Here's an example to show how the file format works.
$ cat version1
pseudocode bla {
print("This is version 1");
String x = "hello";
print(x);
}
$ cat version2
pseudocode bla {
print("This is version 2");
print("Starting now");
String x = "hello";
print(x);
}
$ linecomp c test.lc version1 version2
Adding file version1
Adding file version2
Compressing a total of 192 bytes...
Compression done [12 ms]
Archive /home/stefan/linecomp-demo/test.lc stats:
1K of text compressed into 1K (2 files)
$ gunzip <test.lc
LINECOMP 8
String x = "hello";
print("Starting now");
print("This is version 1");
print("This is version 2");
print(x);
pseudocode bla {
}
1 5
7 0
8 9
version1=6 3 10
version2=6 4 2 0 10
As you see, the file consists of these 4 parts:
1. Magic header and number of literal lines that follow (n)

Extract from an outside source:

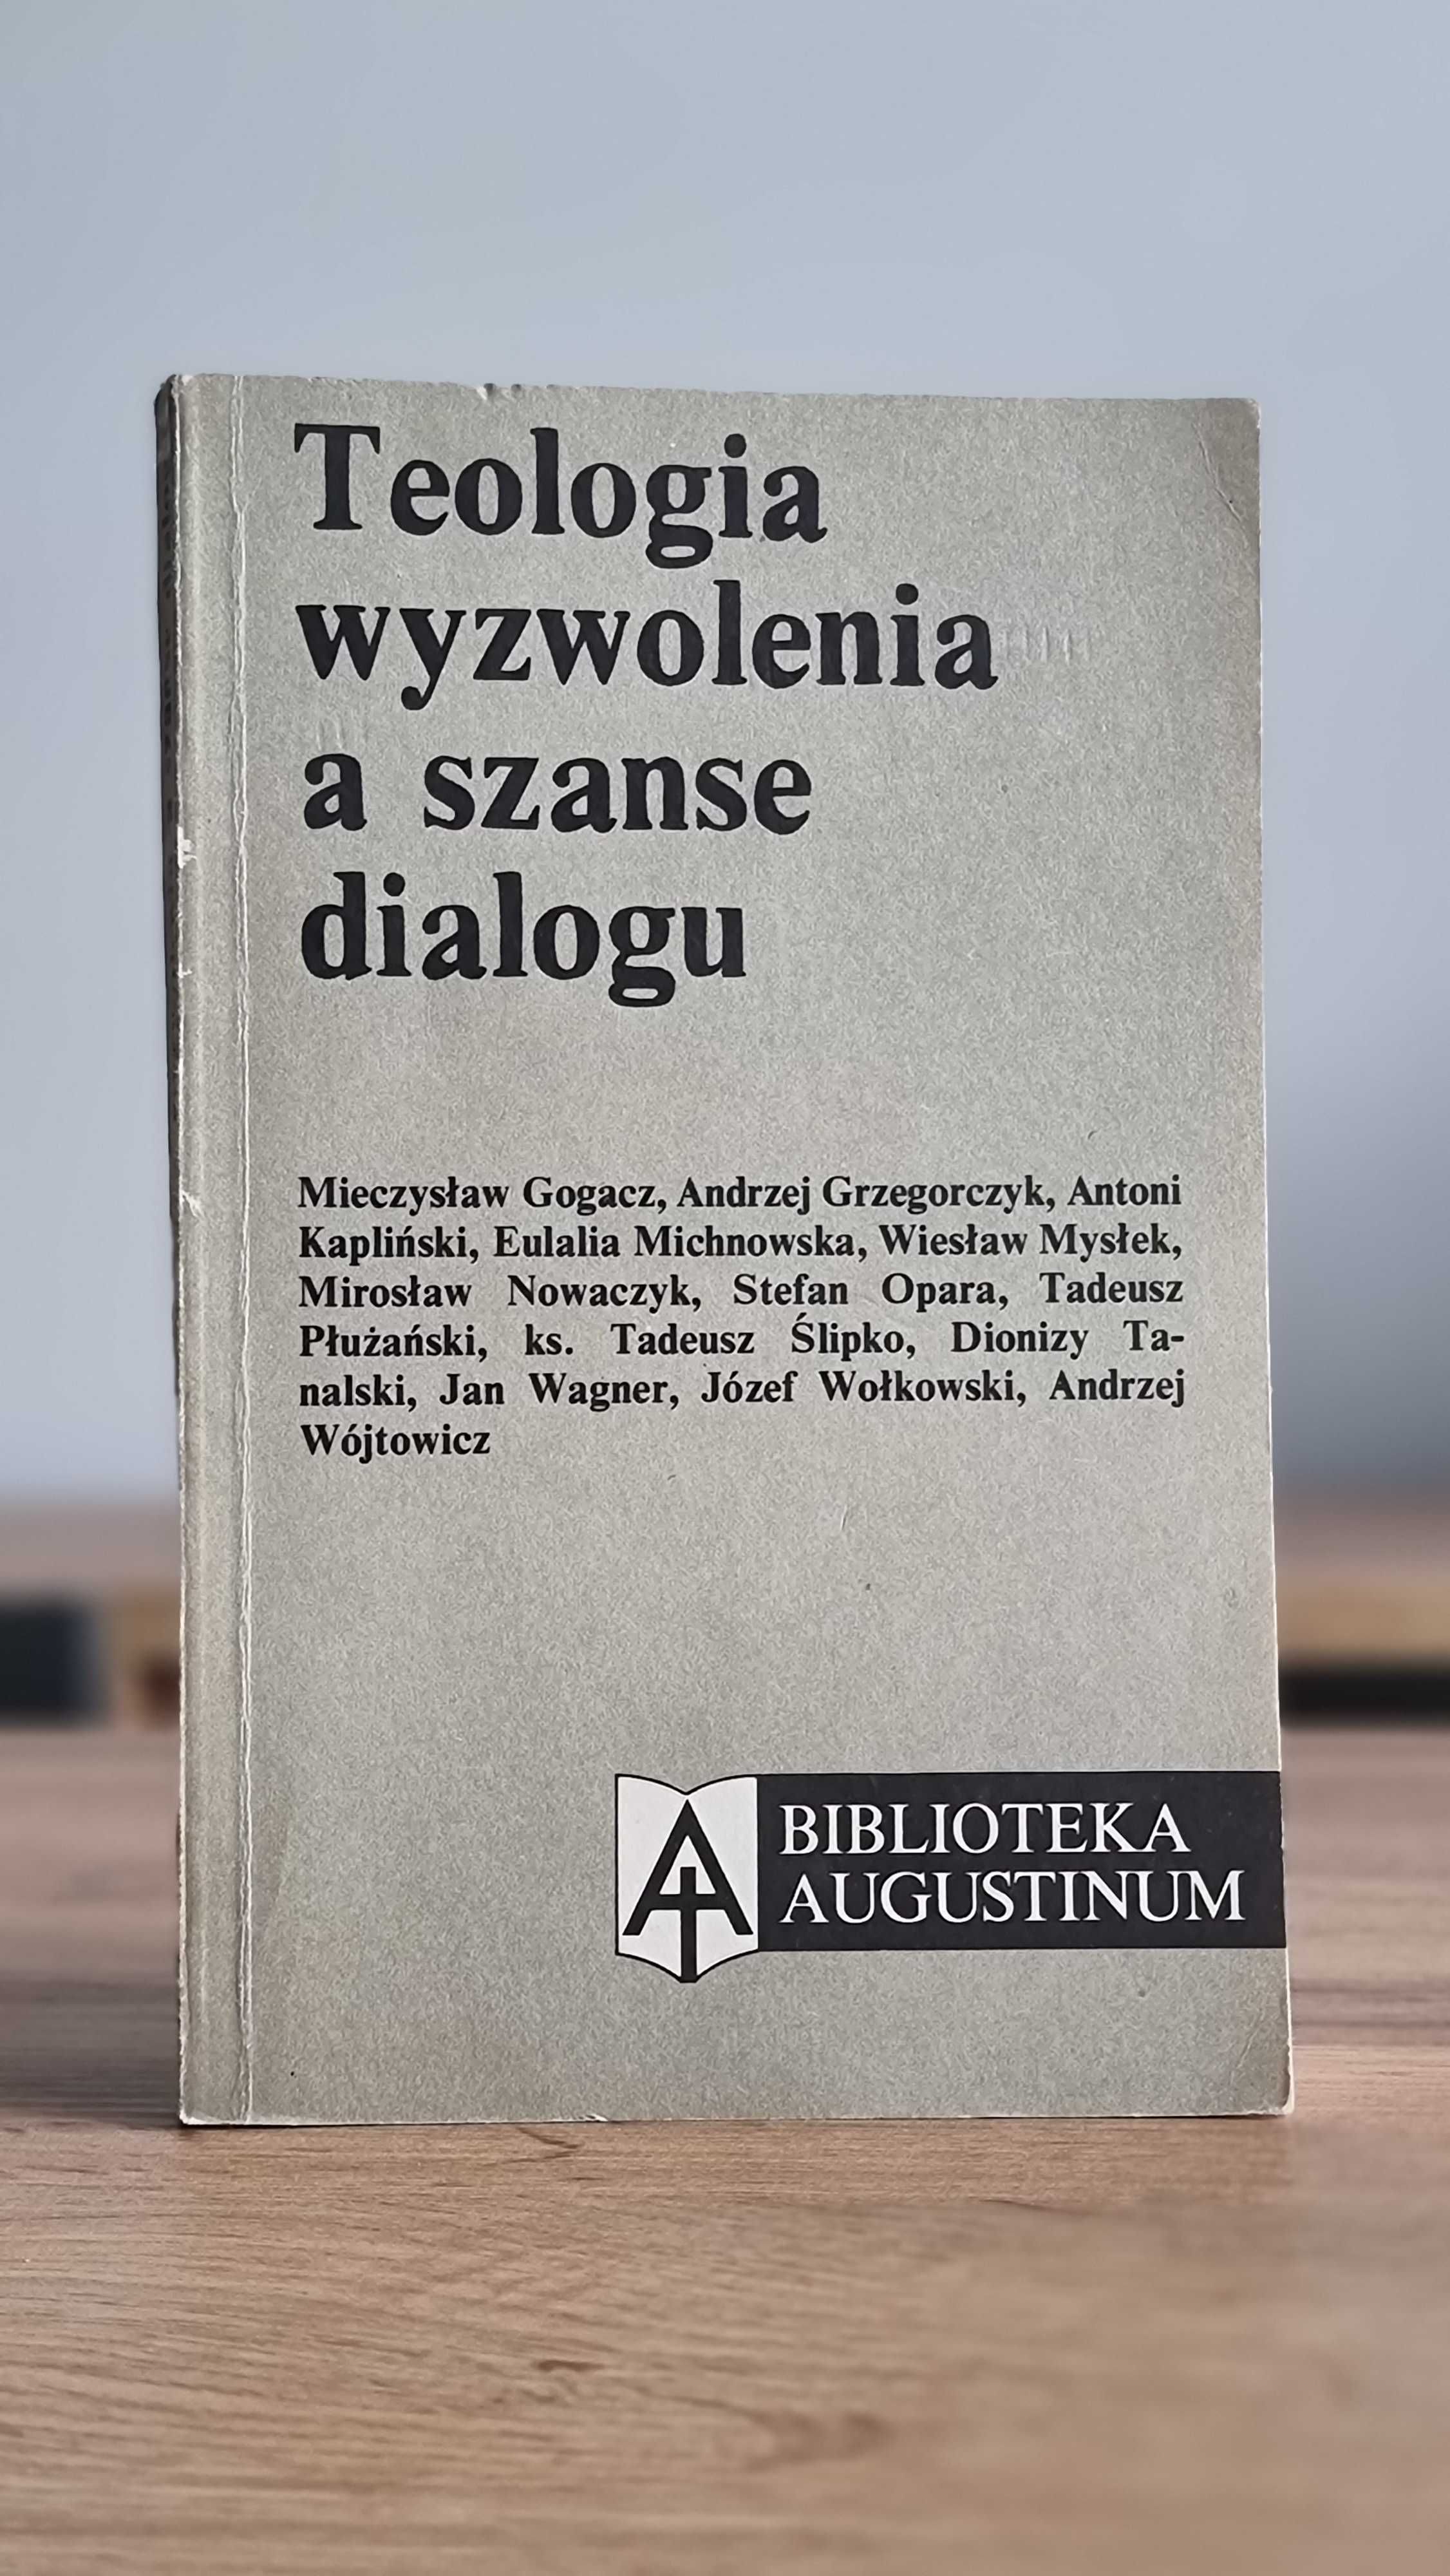 "Teologia wyzwolenia a szanse dialogu" - pod red. Józefa Wołkowskiego

2. All the literal lines in lexical order
3. A list of pairs of indices. Each index points either into the literal table
(if i < n) or in the table of pairs itself (if i >= n). This way we build
larger chunks of lines.
4. A list of the files with the file's name plus a list of indices as defined
above which are followed and concatenated to yield the file's contents.
Don't tell me that's not one of the simplest formats you have ever seen.
---
[An excursion: Can binary data be compressed this way? You need to define how
to split it in "lines".
I believe you can actually coerce binary data into LINECOMP 0.1. It will still
look for line breaks in the data which might be a rather nonsensical exercise,
but nonetheless it should work. Input is not specifically interpreted as text
except for the \n's. One might define a different content splitting strategy
for other file types and actually get usable results there too.]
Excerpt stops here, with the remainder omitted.